Top of INPUT DATA

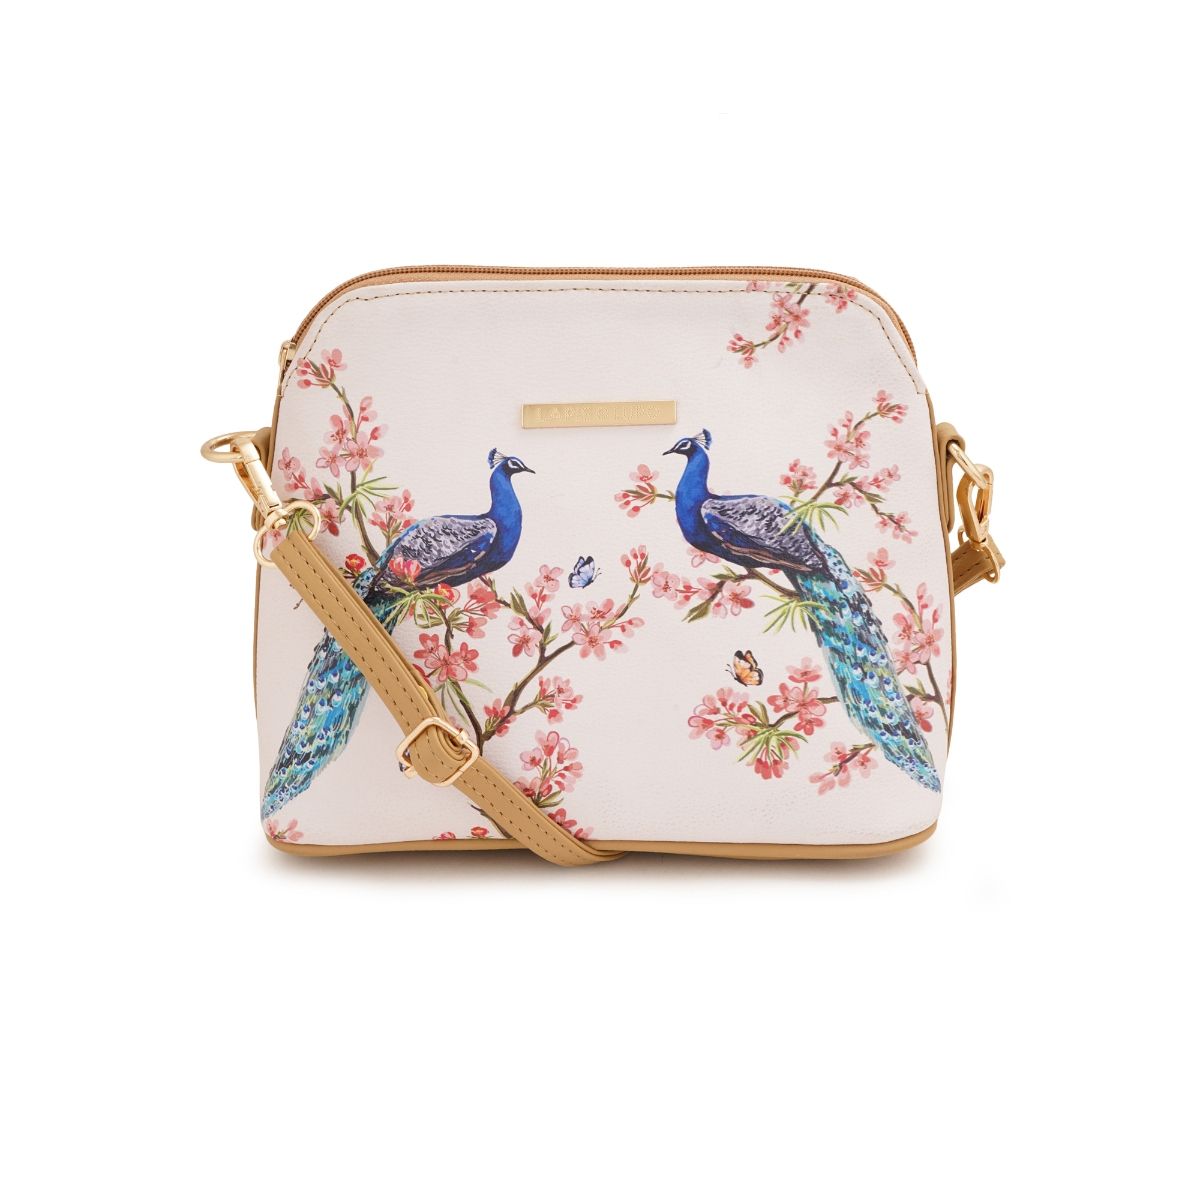 Buy Brown Handbags for Women by Golden Peacock Online | Ajio.com
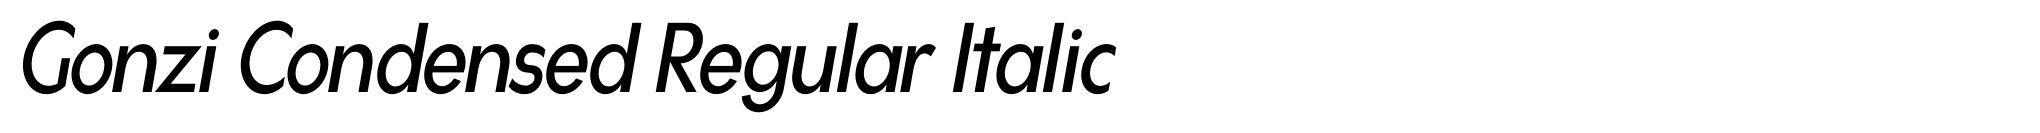 Gonzi Condensed Regular Italic image
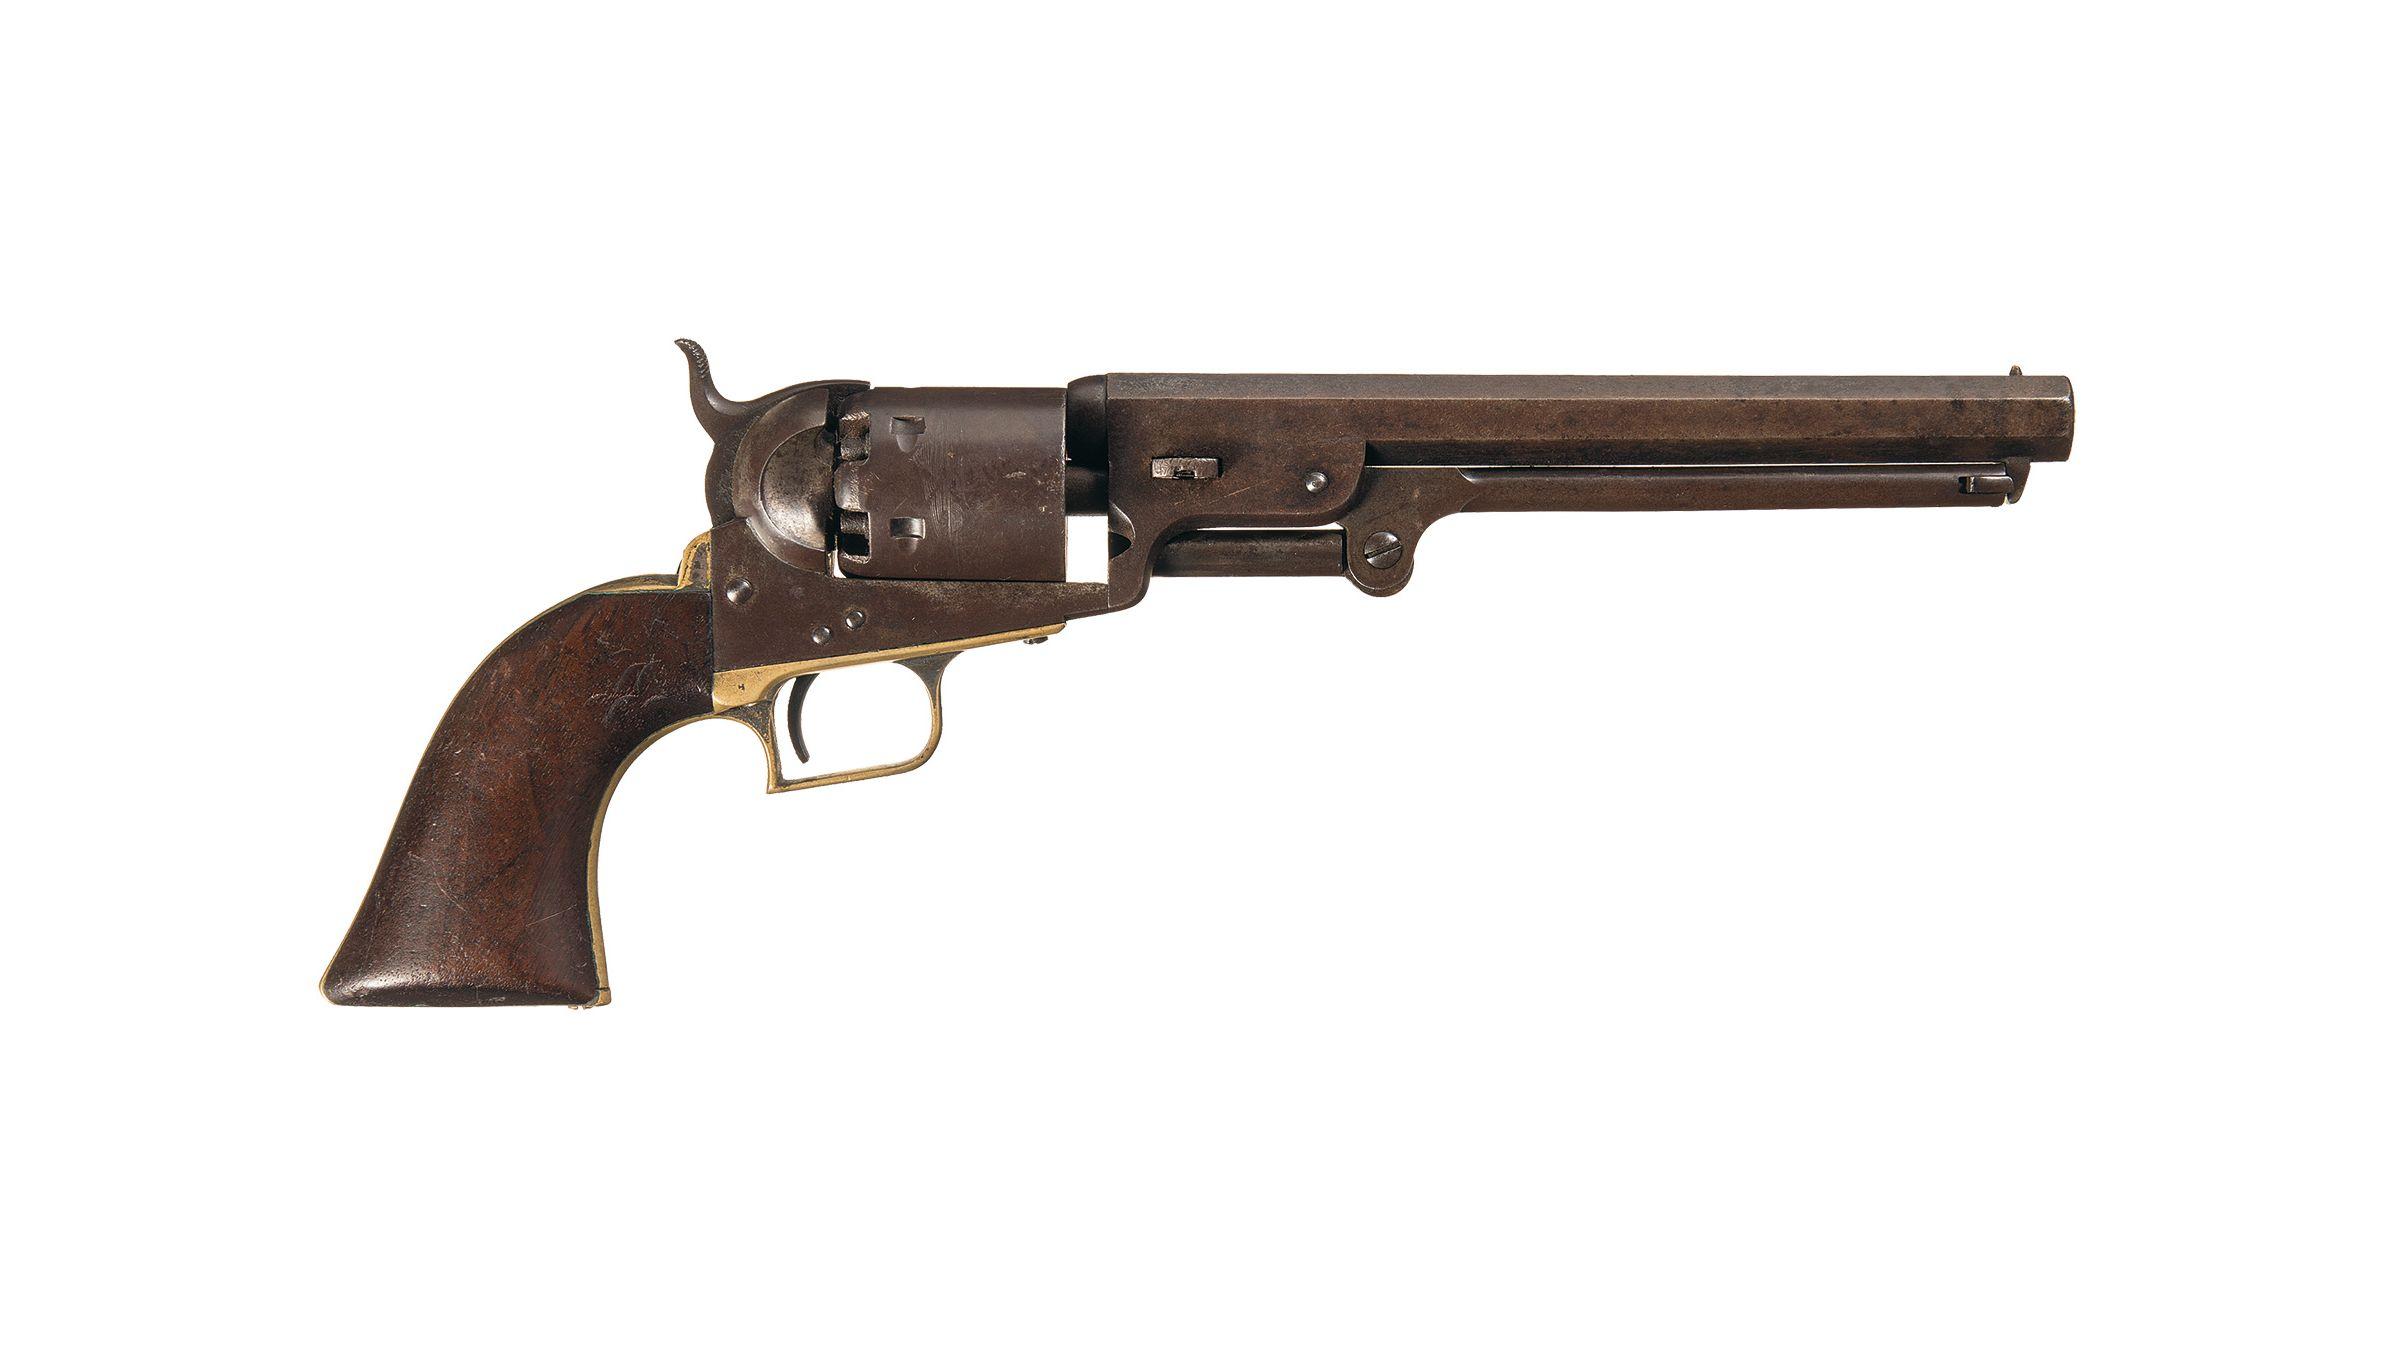 Colt Squareback Model 1851 Navy "Wedge Over Screw" Revolver

Bottom of INPUT DATA

**WHAT IS REQUIRED**
Return the listing above word for word. Keep the images out.

**TASK RESPONSE**
 Buy Brown Handbags for Women by Golden Peacock Online | Ajio.com
 Gonzi Condensed Regular Italic image
 Colt Squareback Model 1851 Navy "Wedge Over Screw" Revolver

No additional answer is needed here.